But of course our political aspirations and the achievements of my predecessors in political life in Gibraltar and the constitutional evolution that Gibraltar has already enjoyed also forms part of our heritage and it is in part of our heritage which is foremost on my list of those parts of our heritage which need to be protected. And our political heritage is based on three fundamental facets. The first is the right of the people of Gibraltar to decide their own future and when people query or challenge that proposition, put in that positive way, I say well fine, put it the other way and see how it stands. Anybody who negates the right of the people of Gibraltar to decide their own future are necessarily saying that others, other than the people of Gibraltar have the right to decide the future of the people of Gibraltar over and above their heads.

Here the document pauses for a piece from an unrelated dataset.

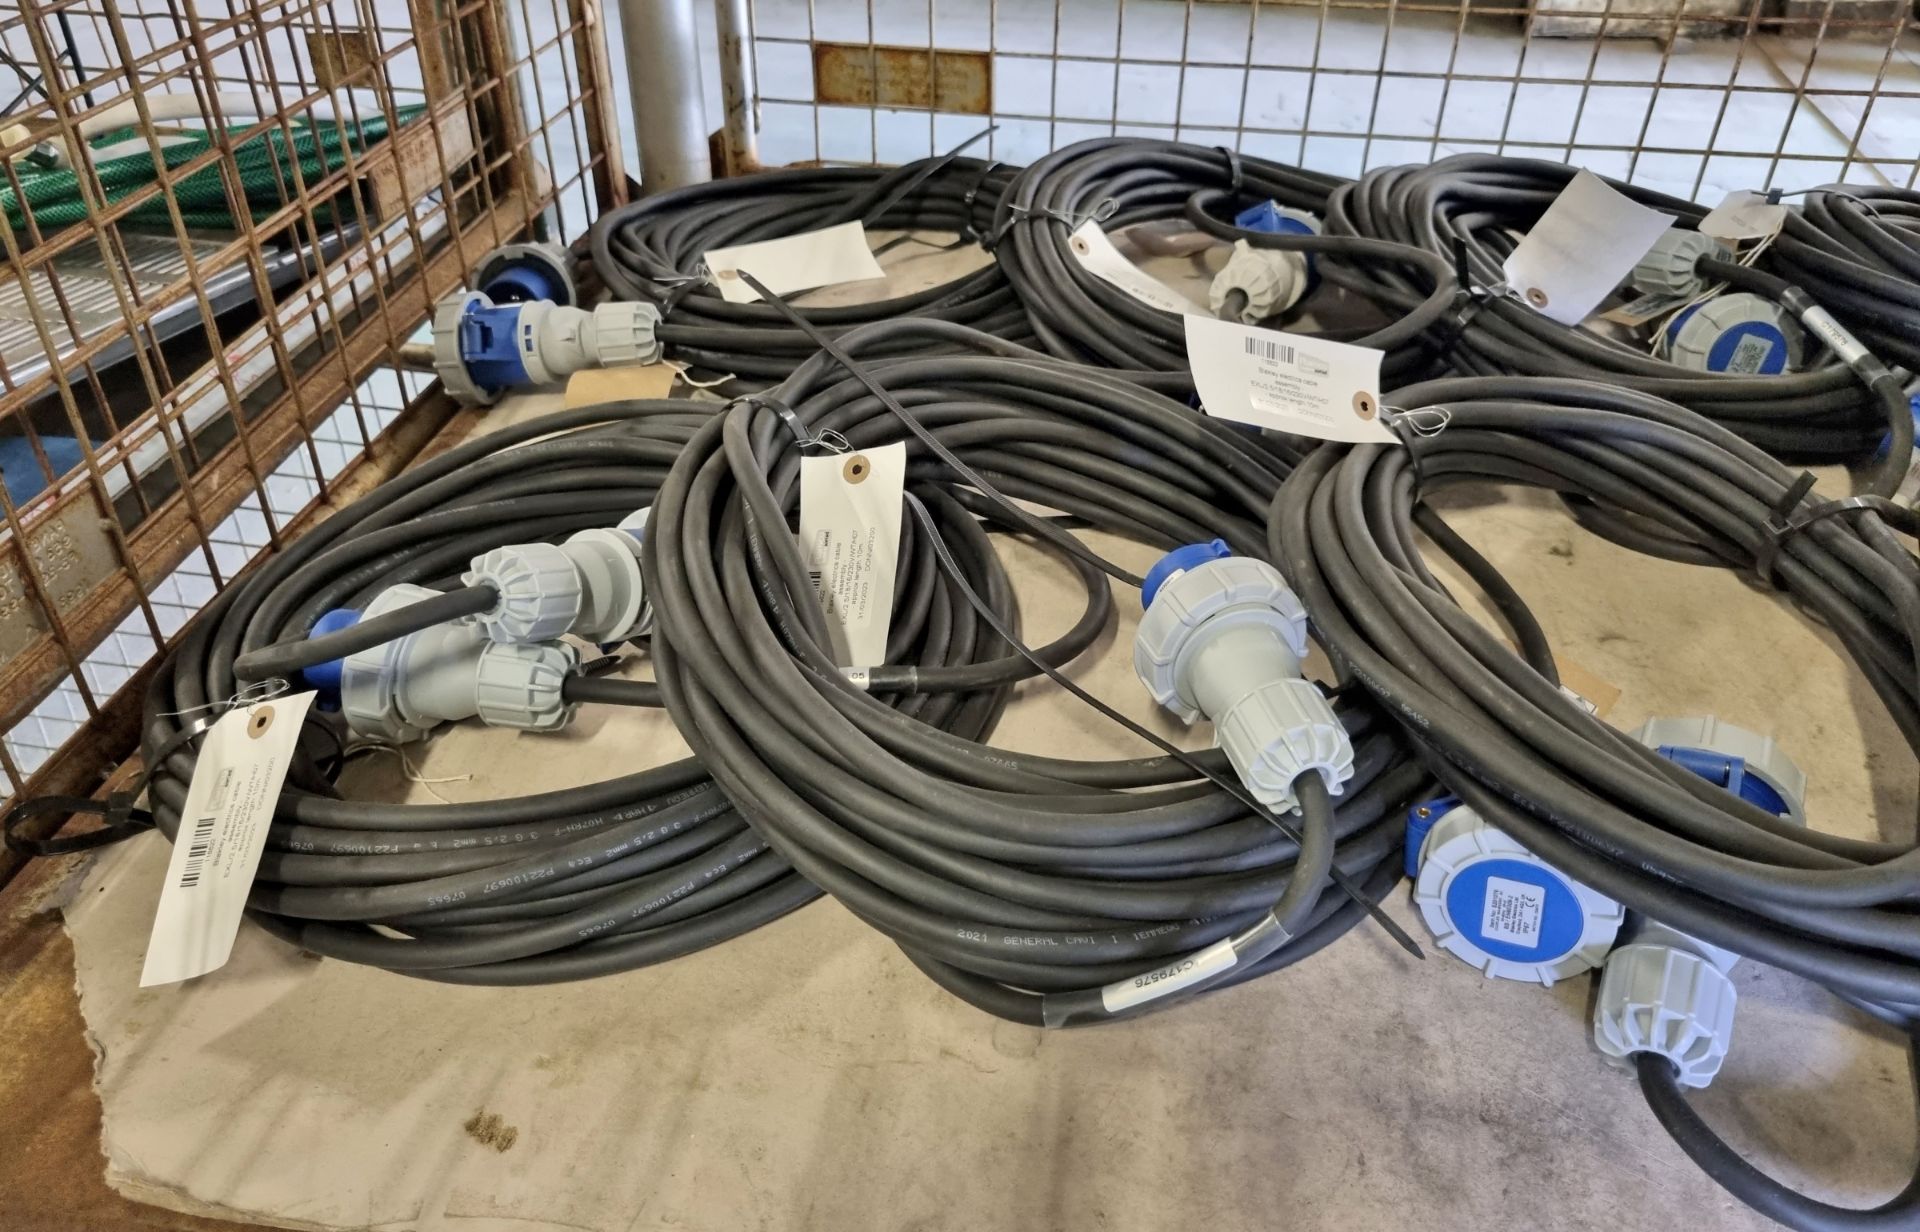 8x Blakley electrics cable assemblies - EXL/2.5/18/16/230V/WT/H07 - approx length 10m - Image 4 of 6

It is a disreputable, untenable, completely bankrupt proposition, unsustainable amongst democrats in the European Community of the third millennium. Therefore we know that when we advocate our rights we don't have might, economic, political, still less military – especially now that we've lost our military governors, but certainly we have right and because we have right we know that time will give us the verdict that our case deserves. And our heritage is based also on the principal that as a colonial people we have a right to continuing constitutional evolution and that it is indefensible for our constitutional development to be arrested permanently simply because the United Kingdom does not wish to upset Spain. We don't wish to upset Spain either, after all we have to live even closer to them than the United Kingdom which is several thousand kilometres further away. But there are matters of principle for which even a diplomatic price must be paid, we are not suggesting that we should be provocative, we are not suggesting that we should be unsympathetic to the realities of political life, but we are not willing to surrender the principle of our rights simply so that others can lead a more cosy diplomatic co-existence in the European Community.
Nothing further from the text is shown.